_Provided material_.
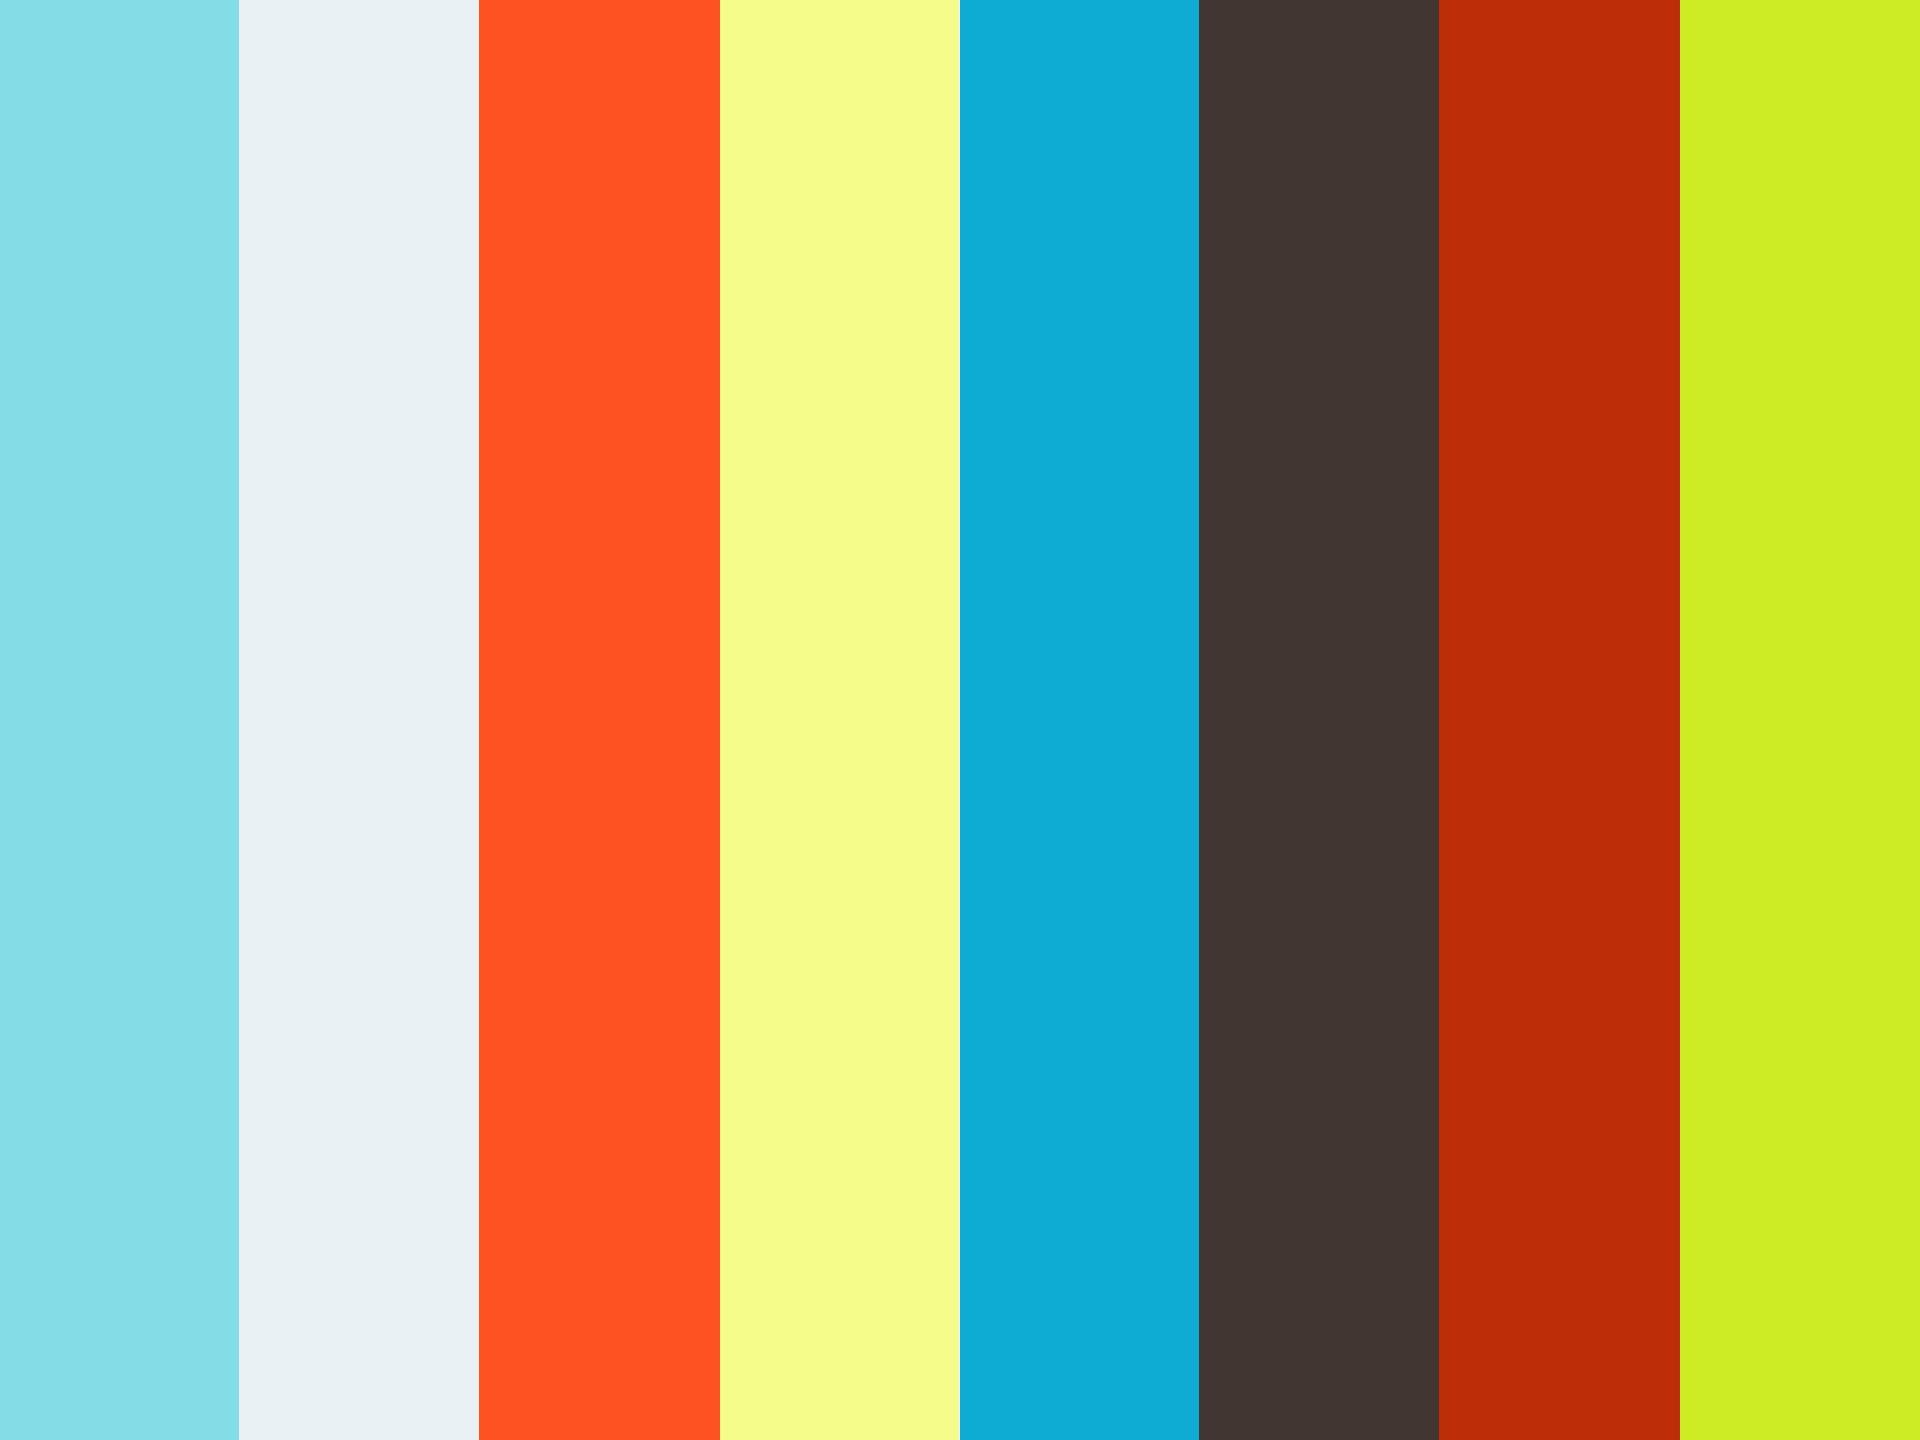 IPS e.max ジルキャド MT マルチ チェアサイドブロック草間幸夫先生によるビデオセミナー #1 いまさら聞けない!?チェアサイドのためのジルコニアの知識と修復物の活用【新製品ジルキャドMTマルチブロックのテストパック送付付き】
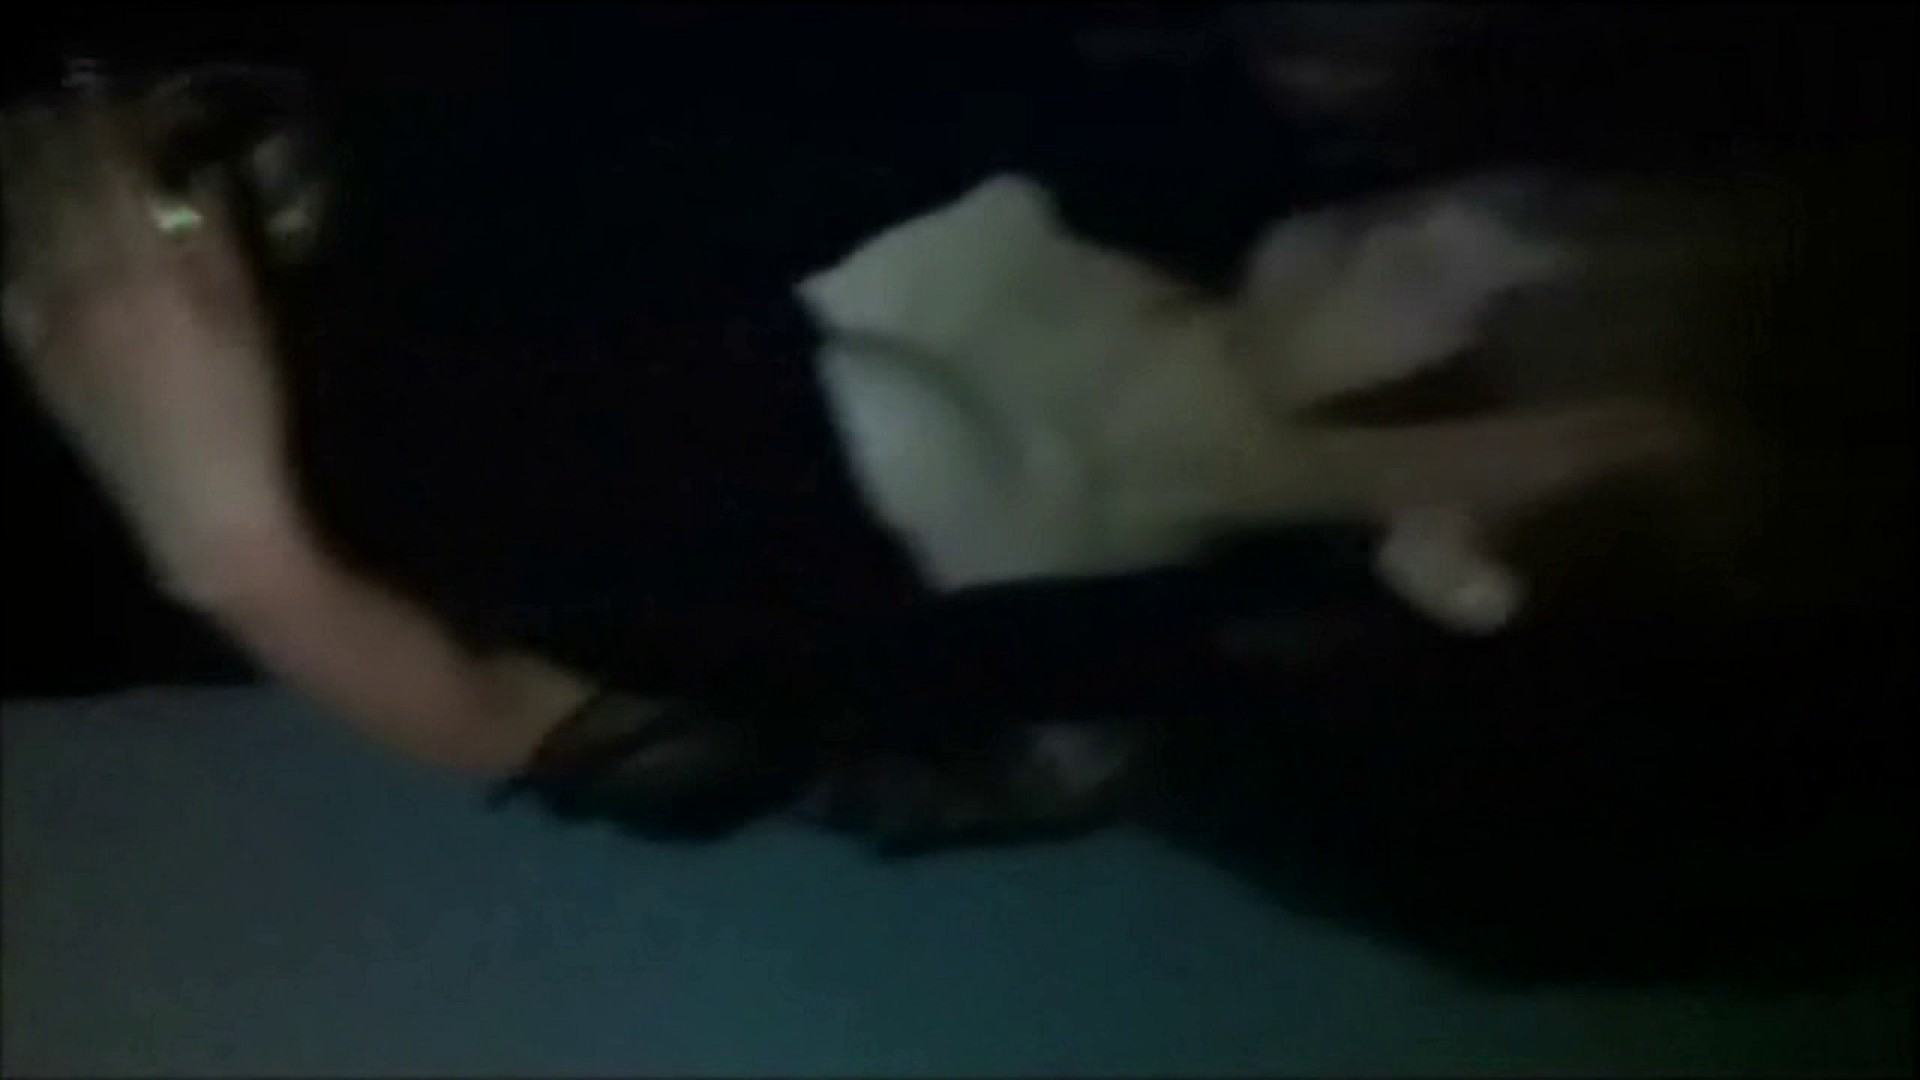 魔術師の お・も・て・な・し vol.05 21歳 美乳にイタズラ 美乳 | 美女OL  110連発 75
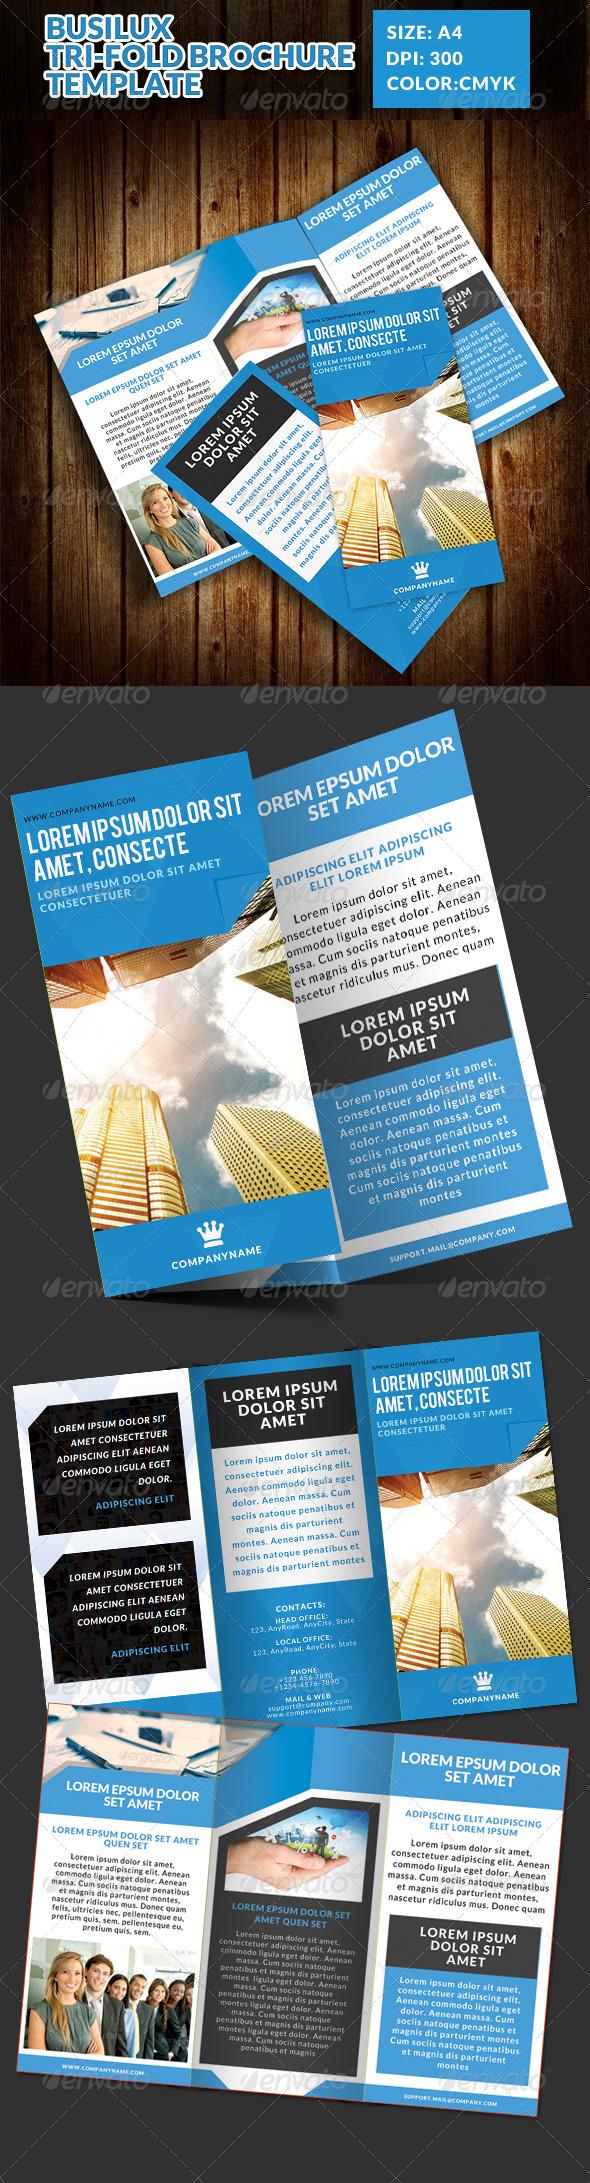 GraphicRiver Busilux Corporate Tri-Fold Brochure Template 7483928

_The task_. Return the whole listing word for word, minus its pictures.

_Your response_.
 IPS e.max ジルキャド MT マルチ チェアサイドブロック草間幸夫先生によるビデオセミナー #1 いまさら聞けない!?チェアサイドのためのジルコニアの知識と修復物の活用【新製品ジルキャドMTマルチブロックのテストパック送付付き】
 魔術師の お・も・て・な・し vol.05 21歳 美乳にイタズラ 美乳 | 美女OL  110連発 75
 GraphicRiver Busilux Corporate Tri-Fold Brochure Template 7483928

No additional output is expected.